As the name originates from a fictional location in Walt Disney's 1940 film Pinocchio, Pleasure Island opened emulating Church Street Station in Downtown Orlando, Florida. At that time, this was a highly successful gated attraction which offered admission to multiple clubs for one price.

The legend the Disney Company created is that Pleasure Island was based on the fictitious owner, Merriweather Adam Pleasure, and was carried on into one of its clubs, The Adventurers Club. Merriweather Pleasure was said to be an industrialist and explorer who decided to move his family to Florida and start a new sailmaking and yacht construction business on the island during the 1920s through early 1940s. He enjoyed throwing parties for his employees and friends after hours, but, eventually, he was lost at sea, his sons failed at running the company without him, and the island was mostly destroyed in a storm. As the story goes, Disney would rediscover the ruins of the Pleasure complex and establish a nightclub district to carry on Pleasure's merrymaking spirit.

Every night at midnight, New Year's Eve was celebrated at Pleasure Island with a fireworks show. This tradition lasted from 1990 through New Year's Eve 2005.

===Changes in 2006===
Major renovations to Pleasure Island were made in March 2006 in an attempt to reverse declining attendance. These changes included the closing and dismantling of the West End Stage and the Hub Stage. Since there was no longer an entry fee, the free entertainment provided by these stages was attracting large groups of local teens, which was considered undesirable. The area formerly occupied by the West End Stage is the location of the new pedestrian bridge to Downtown Disney West Side and provides visitors a greater line-of-sight view from Pleasure Island to the West Side. The removal of the Hub Stage opened a small area to a view of the lagoon located behind Pleasure Island, including a dock. In late June 2006, a life-size Jessica Rabbit sign above the facility of "Pleasure Island Tonight!" was removed.

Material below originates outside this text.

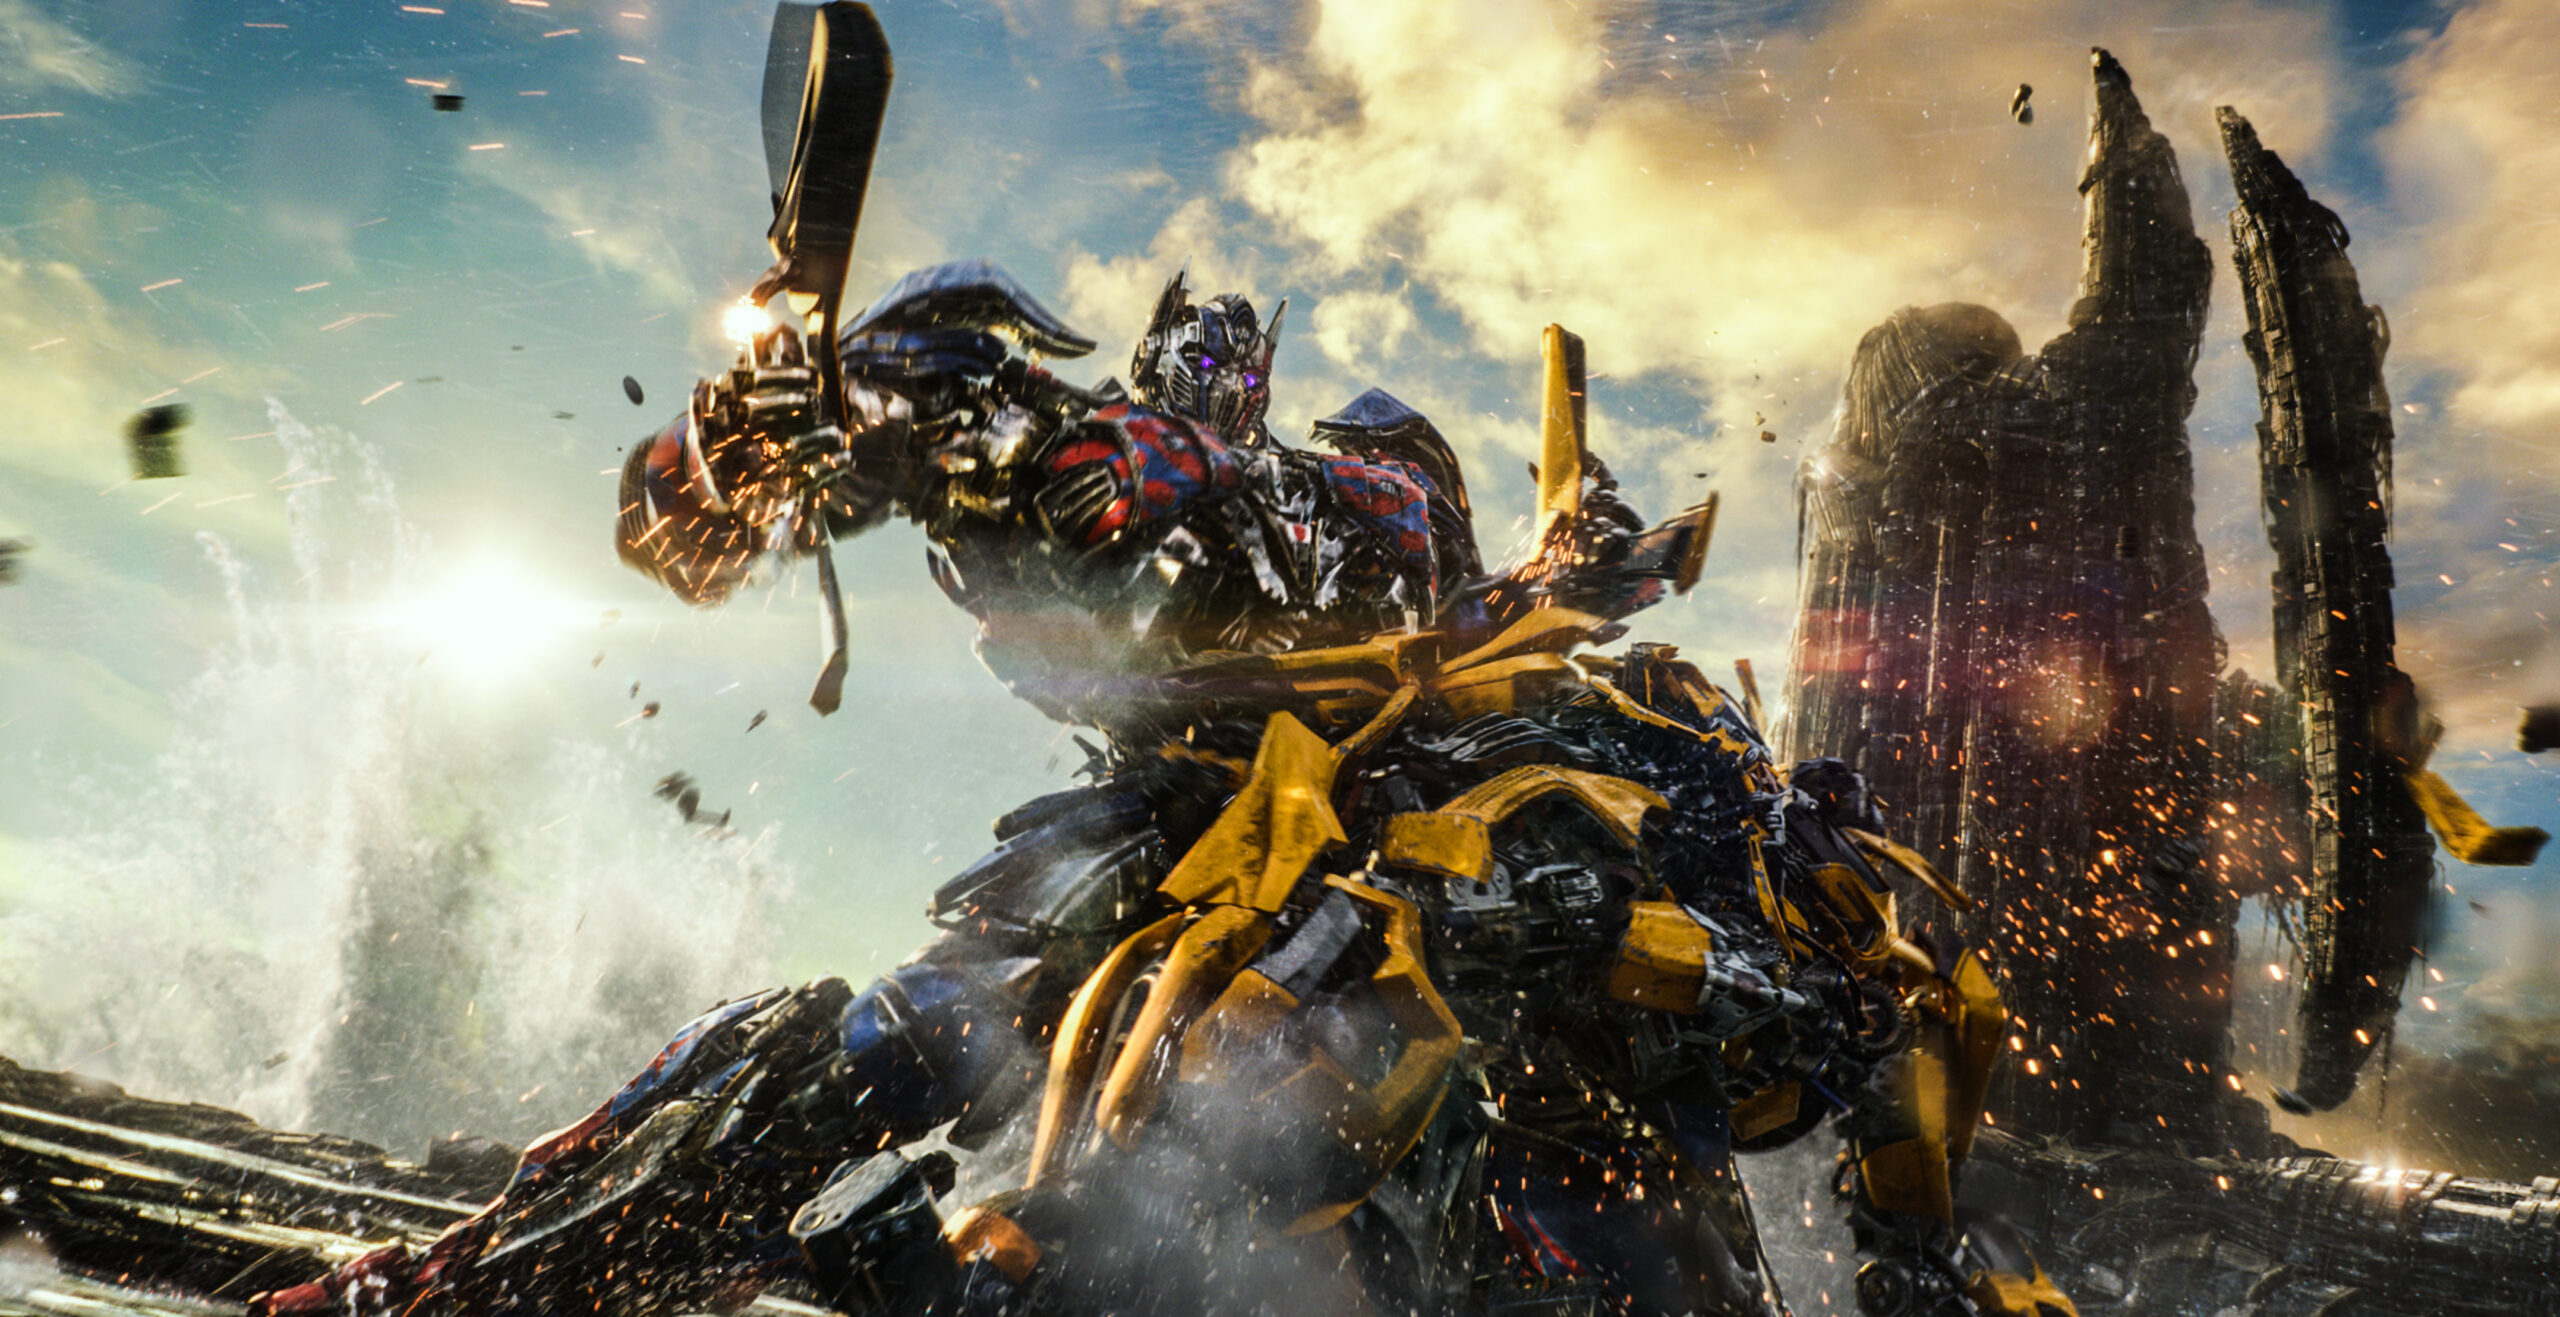 Transformers Ostatni Rycerz Transformers The Last Knight 02 POLSAT FILM scaled

The construction of new docks allow boat transportation links between West Side, Pleasure Island, Marketplace, and Disney resorts across the lagoon and up the Sassagoula River.

===Changes from 2007 to 2009===
Effective January 1, 2007, the dance clubs reverted to a policy which required guests to be age 21 or older. Minors could still visit the Comedy Warehouse and Adventurers Club, as well as the shops and restaurants on the island.

In late June 2008, Disney announced that the six remaining night clubs at Pleasure Island would close by September 28, 2008, to make room for additional family-oriented entertainment. Effective June 27, 2008, customers who purchased annual passes to Pleasure Island could receive a pro-rated refund for that purchase, due to the September 2008 scheduled closure of all of its nightclubs.

Disney officials stated that the Pleasure Island nightclub closures are in response to customers who desire more broad-based dining and retail opportunities.

September 27, 2008, was Pleasure Island's last night. Among the capacity crowd were many of its past actors and cast members, some of whom started to line up at 9:00 in the morning to ensure entrance to what would be a very emotional and busy night. Highlights included Frankie and the West End Boys playing on the waterfront stage. At midnight, New Year's Eve was celebrated one last time. A fireworks show was complemented by popular songs heard on the island over the years. The final song played in Mannequins was "Everybody's Free (To Feel Good)" by Rozalla. With that, Pleasure Island was officially shut down. By the next day, many of the clubs' signs and logos were being removed or painted over.

In February 2009, amid rumors of a partial reopening of Pleasure Island, Disney announced that three former clubs would become available for private party rentals. Motion, Soundstage Club, and Adventurers Club were available for rental through the end of March 2010.

In 2009, a building that previously housed stores and a fast food restaurant was completely renovated by E-Brands, the operator of the Samba Room restaurant in Orlando, into Paradiso 37, a Central/South American-themed restaurant.

===Hyperion Wharf===
On November 10, 2010, Disney announced Hyperion Wharf would be the new name for Pleasure Island. The new theme of the island would be an early 20th-century nautical warehouse district. $3.2 million in new lighting features were to be added, in addition to a waterfront entertainment area and a lighthouse structure. No names for shops, restaurants or entertainment venues were announced. There was no indication that any of the former clubs would reopen.

Permits and plans showed the buildings which formerly housed the Motion and Rock 'n' Roll Beach Club, Adventurers Club and BET Soundstage Club would be demolished. The buildings which formerly housed the Comedy Warehouse, 8TRAX and Mannequins clubs would remain. Demolition of Motion and Rock 'n' Roll Beach Club took place between December 2010 and February 2011. Earlier in 2010, the bridge from the Downtown Disney Marketplace to Pleasure Island was widened to accommodate a new, wider pedestrian pathway across the island.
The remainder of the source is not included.